# Data
<<<<

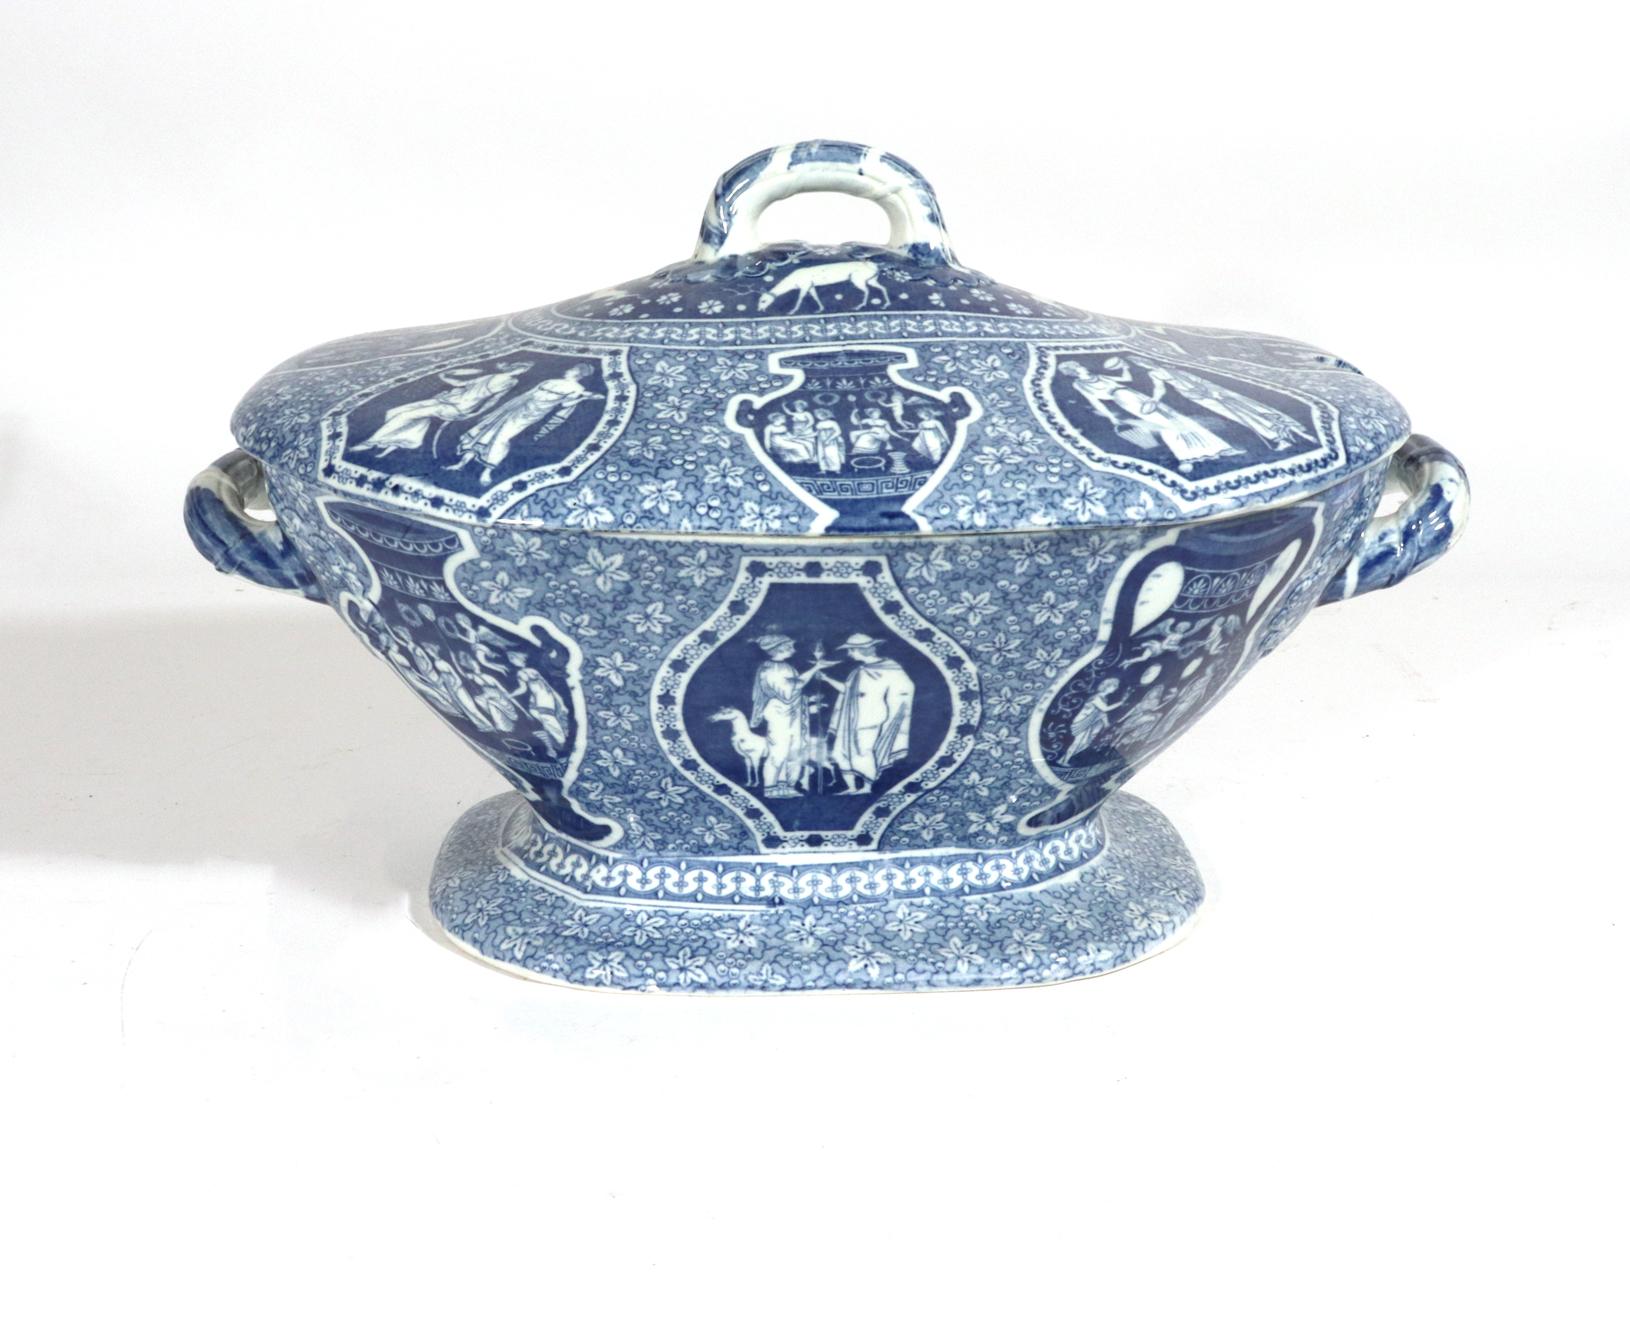 Herculaneum Pottery neo-classical Greek pattern blue soup tureen & cover
Early-19th century 

The Herculaneum Greek pattern pottery soup tureen and the cover are printed in blue with neo-classical scenes on panels and urns against a fruit and flower

>>>>

# Task to carry out
Exactly the lines between the one containing "Early-19th century" and the end of the material, both ends included, must be retyped, with nothing added.

# Exercise response
Early-19th century 

The Herculaneum Greek pattern pottery soup tureen and the cover are printed in blue with neo-classical scenes on panels and urns against a fruit and flower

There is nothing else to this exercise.